It’s what Bruce Wayne’s father said to him after a traumatic event: "Why do we fall? So we can learn to pick ourselves up.”
No one is perfect. We all make mistakes. The winners pick themselves up and learn from their mistakes. It’s what you do after you make a mistake that shows character.
I came in from the cold, wet and lightless. "Milenyo" unleashed powerful winds and rain that left Manila's streets a virtual no man's land. There was no escape from its fury. I didn't feel any safer inside my building. The storm was beating down the glass walls and windows. The floor was trembling from the sheer might of the elements. Emergency light flickered while an uneasy dampness slowly blanketed the place.
There was no stopping the storm. Walls and windows fell down from their frames and carpeted the floor with glass shards. Navigating the halls meant skipping one spot to another to avoid sharp edges. The elevators were useless. I looked up the flights of stairs, twenty four sets of them, before I could reach my place. The climb to the top, without light and broken glass everywhere, was risky but a better prospect than staying with strangers in a dark, rain-drenched lobby.

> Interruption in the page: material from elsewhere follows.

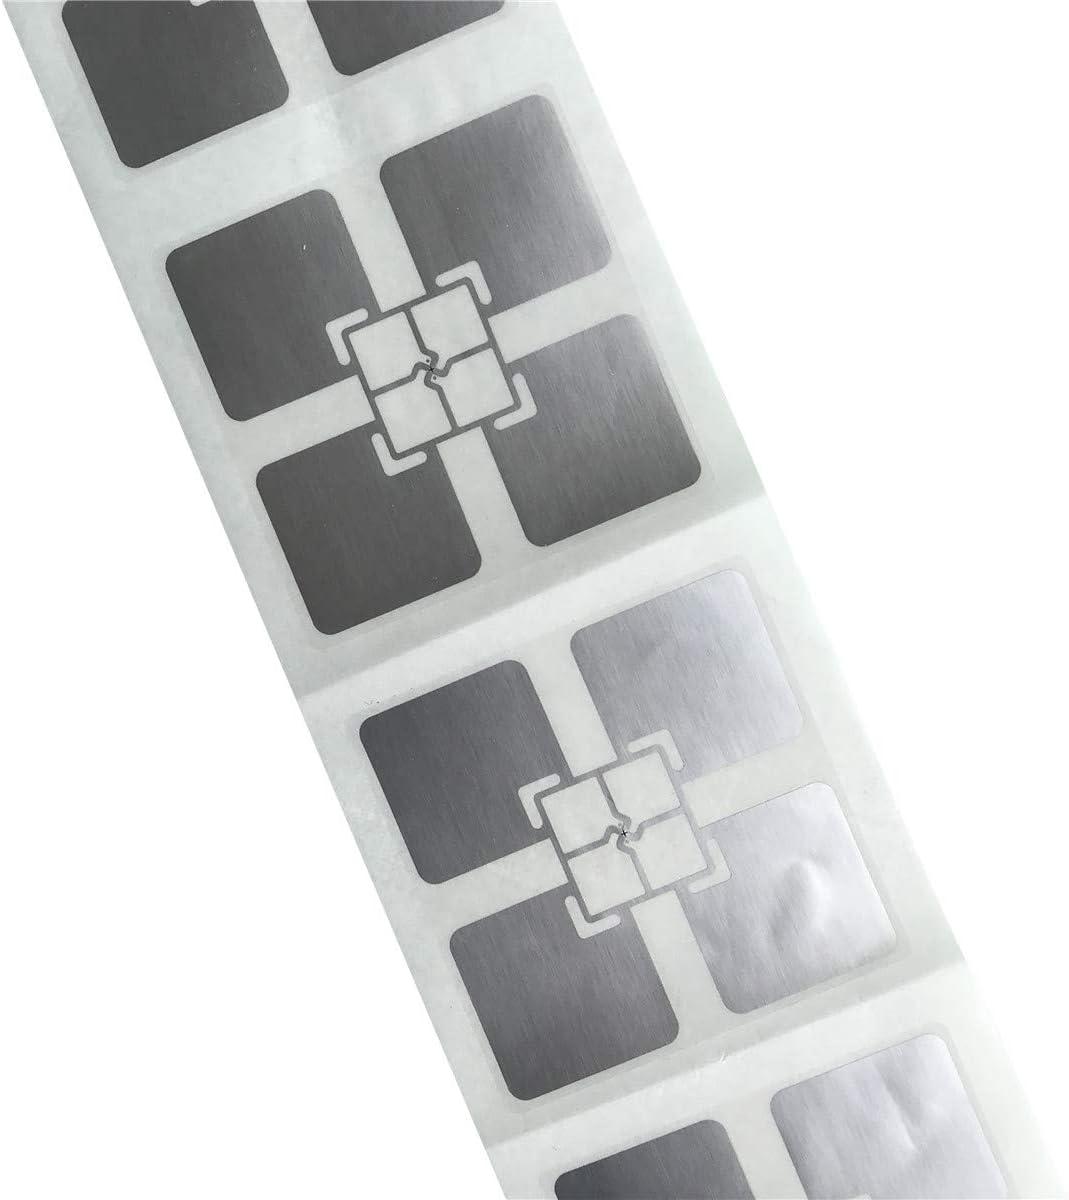 RFID uhf tag True 3D QTTM Long Reading Range 860~960MHZ Sticker (Pack of 20)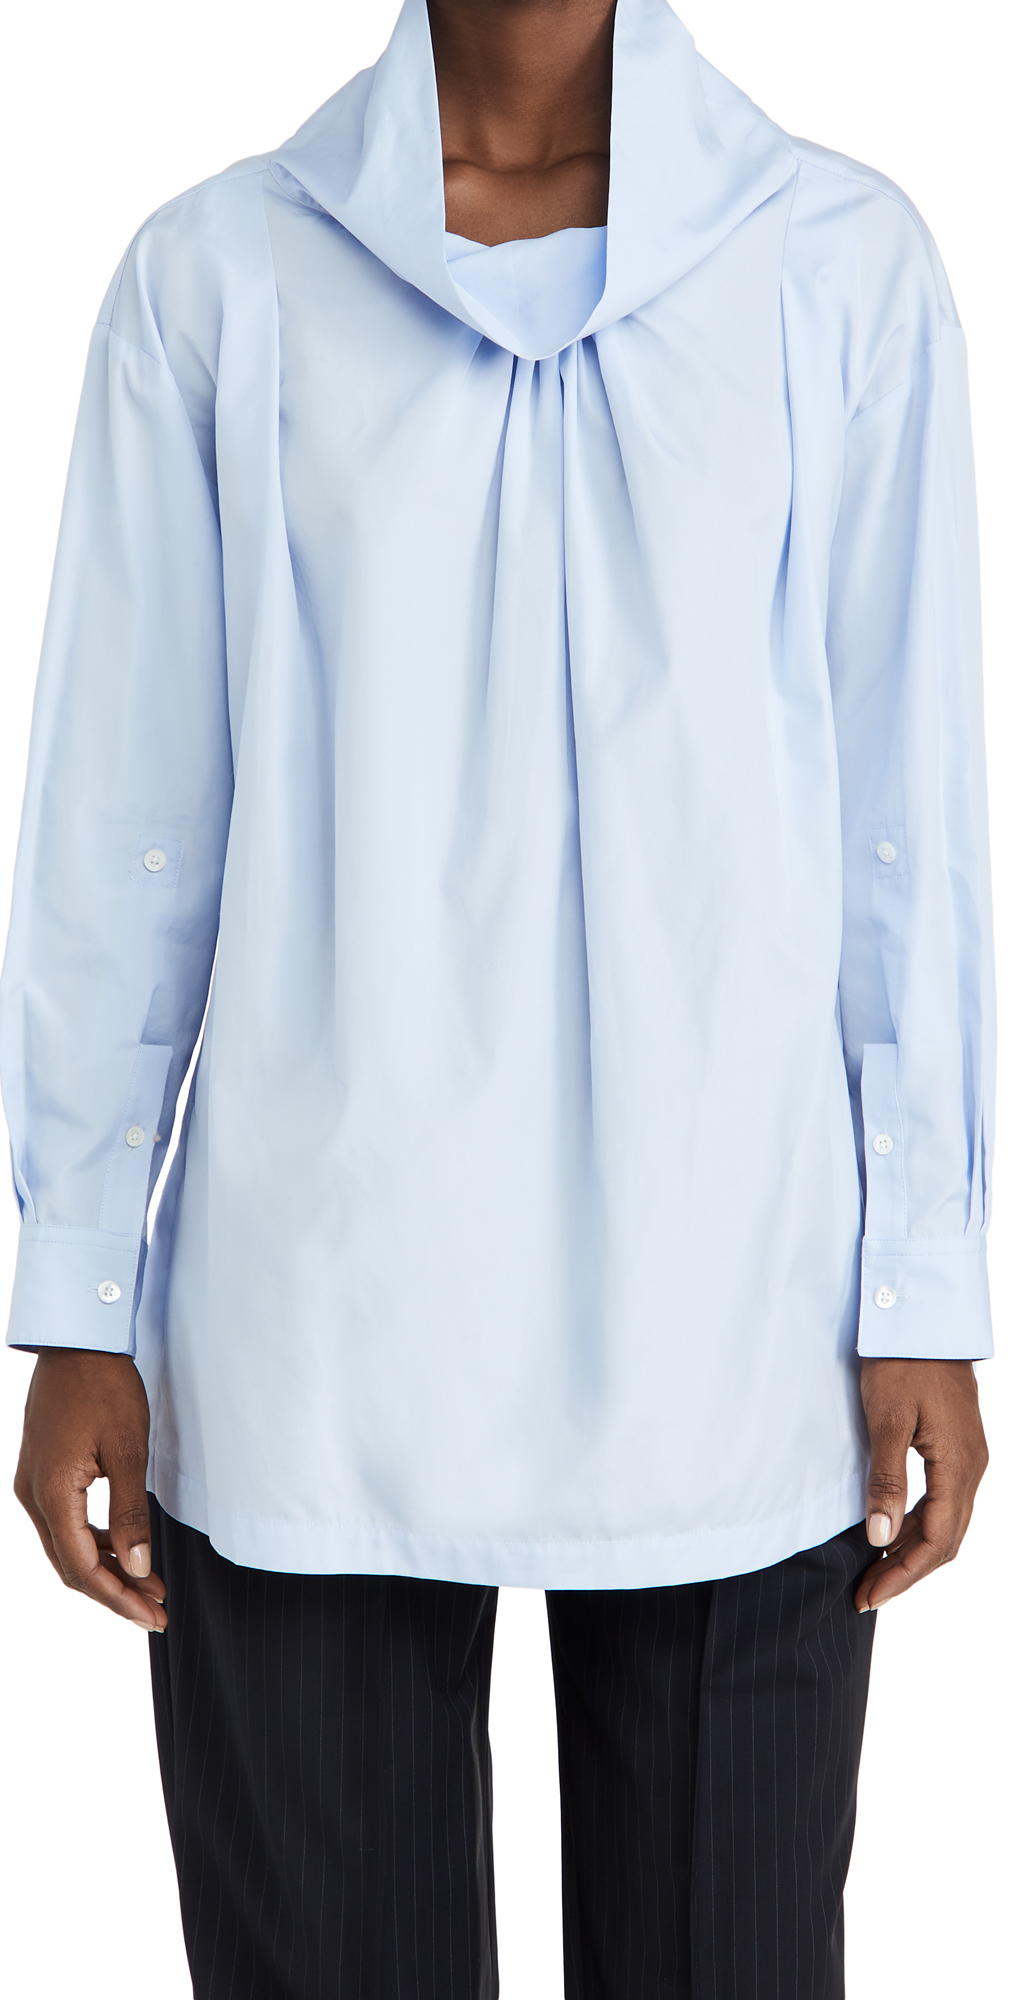 3.1 Phillip Lim Poplin Oversized Drape Collar Shirt

Lightning lit the the angry skies. Amid the blue capillaries of light, one step at a time, I slowly made my way up. On the seventh floor, my thighs were aching but there was no rest. I pushed myself forward. Being alone and in the middle of a storm gave me pause, a fleeting reflection of my own worst fears, and triggered a fight-or-flight response.
In this case, I was fleeing. Looking around, I am reminded of a scene straight out of Batman Begins. A young Bruce Wayne fell into a deep hole, and opened his eyes to disturbed, gruesome, winged creatures that became his greatest fear. They inhabited his nightmares. We all know worst things had yet to come, like losing your parents in one night, murdered in cold blood, and abandoned with their lifeless bodies.
Same scenes of dark halls and stormy skies surrounded me when I got a knock on my dormitory door at a Church compound, back when I'm attending university in Manila. Hours before dawn, I was roused from my sleep, and I was surprised to see my uncle allowed to go as far as my room. He was crying when he laboriously told me my father passed on during the night, and he was taking me home. I did not believe him, until I saw my father in a coffin at a chapel near home.
On Sunday afternoon, I was playing hoops with him. He was alive and kicking. Monday morning before dawn, he's gone. From this point on, like Wayne's first blows with towering fear and death, I knew life would never be the same. There was no turning back.
Back in my ascent to my place, driven by the crashing sound and gloomy lights of powerful "Milenyo", I snapped out of my reverie. More glass windows came tumbling down the floors, and I could see tree leaves and trunks whirling around outside. A few more steps, a struggle to my door, a frantic search for the light, and cocooning in my bed, lifted my spirits.
My aching thighs and numb feet didn't matter anymore. The blood from cuts I received during my climb had dried. The pallor in my room was still a welcome a sight. Through it all, and though the experience indelibly changed me, I'm good. I'm home.